In python, it is quite straight-forward to check if a variable exists using an `if` statement. However, when we use a function to check if a variable exists or not, we need to specify if it is _local_ or _global_ variable. From the context of this question, we can assume that we are looking for a global variable. In that case, the `exists()` function can be defined as below. The function returns a boolean True/False as result.
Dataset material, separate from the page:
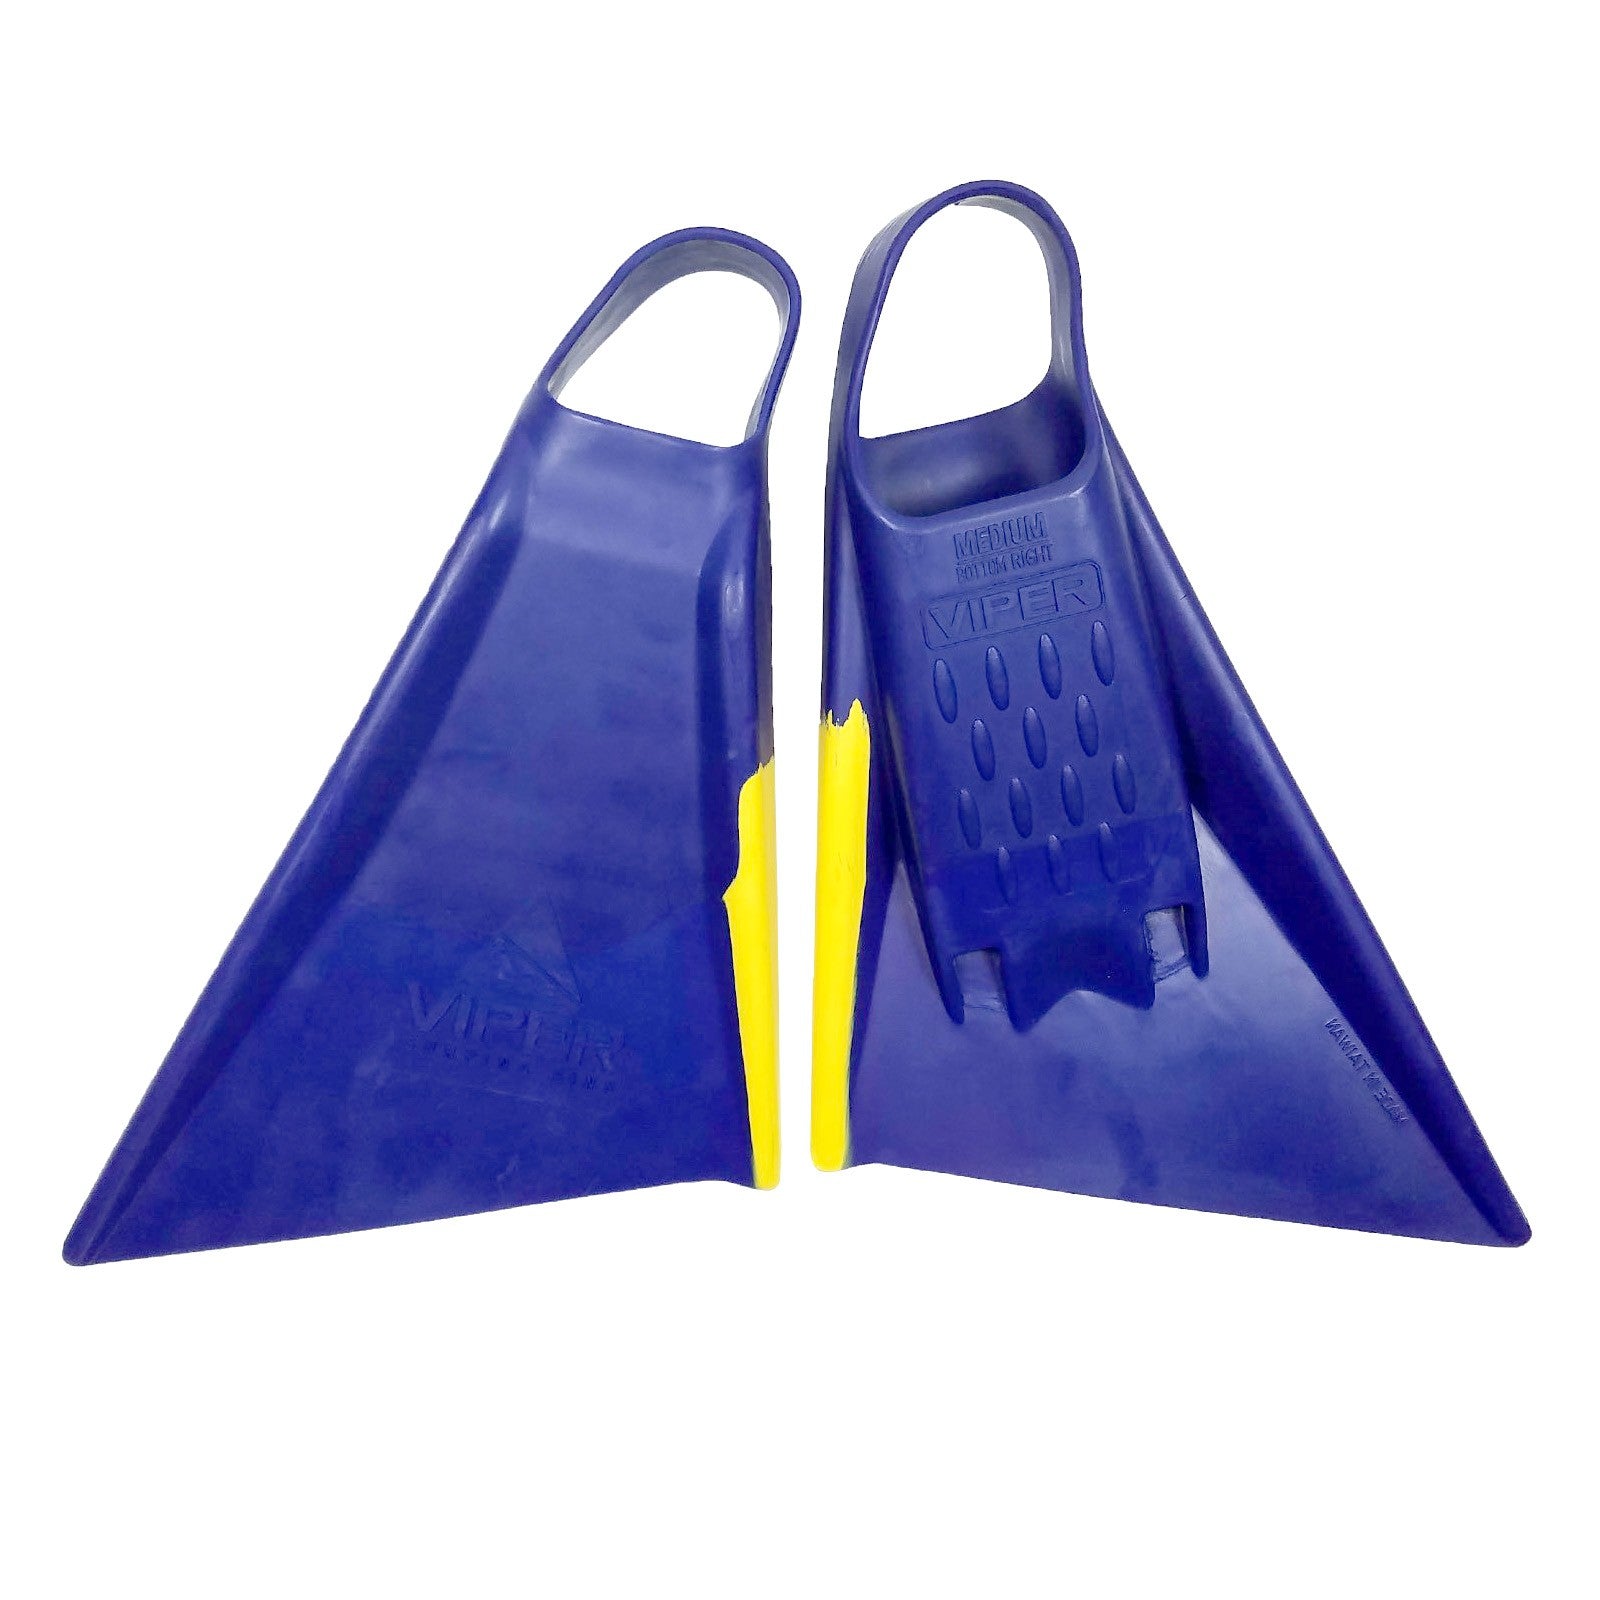 MS VIPER Delta 2.0 - Palmes bodyboard - Blue / Yellow

_Note_: Since we are checking for global variable we need to make sure we pass the name of the variable as argument because the function `globals()` returns a dictionary of all global varibales

In [2]:
# function to check if a varible exists
def exists(v):
    # check if the variable exists in the globals
    if v in globals():
        # if it exists, return True
        return True
    else:
        # else, return False
        return False

In [12]:
exists('v')

False

In [13]:
v = 5
exists('v')

True

#### 3. Create a function to compute N layer of a Pascal Triangle. The first 4 later will looks like:
1

1 1

1 2 1

1 3 3 1

We will write a python function to create the Pascal Triangle, which takes `N` as input and returns the pascal triangle of `N` layers.

In [9]:
# function to print pascal's triangle
def print_pascal_tri(lst):
    for row in lst:
        print(row)

In [10]:
# function to create pascal triangle of N layers
def pascal_triangle(N):
    # instantiate an empty list to store the layers
    pascal_tri_list = []
    
    # run a for loop for N number of times
    for i in range(N):
        # list of numbers in each layer
        layer = []
        
        if not pascal_tri_list: # if the full list is empty, append 1
            layer.append(1)
        else: # else insert the intermediate numbers
            # get the length of the previous layer
            prev_layer_len = len(pascal_tri_list[i-1])
            
            # run a second loop one more than previous layer's length
            for j in range(prev_layer_len + 1):
                # for the first two layers just add 1s
                if j == 0 or j == 1:
                    layer.append(1)
                else:
                    # insert the sum of top two numbers at previous index
                    layer.insert(j-1, pascal_tri_list[i-1][j-2] + pascal_tri_list[i-1][j-1])
                    
        # append the layer to final list
        pascal_tri_list.append(layer)
    
    # print the pascal's triangle
    print_pascal_tri(pascal_tri_list)

In [11]:
pascal_triangle(5)

[1]
[1, 1]
[1, 2, 1]
[1, 3, 3, 1]
[1, 4, 6, 4, 1]


_Reasoning_: The comments should be enough to follow along. Basically, we are running a for loop, and at every step checking the previous layer to update the current layer. At the end, in python, it is a list of lists and we print the results. This is a brute force of getting the result and am sure there's an efficient way to solve this by taking advantage of the fact that Pascal's Triangle is an arrangement of binomial coefficients. Using multiple for loops and lists is neither memory nor compute efficient.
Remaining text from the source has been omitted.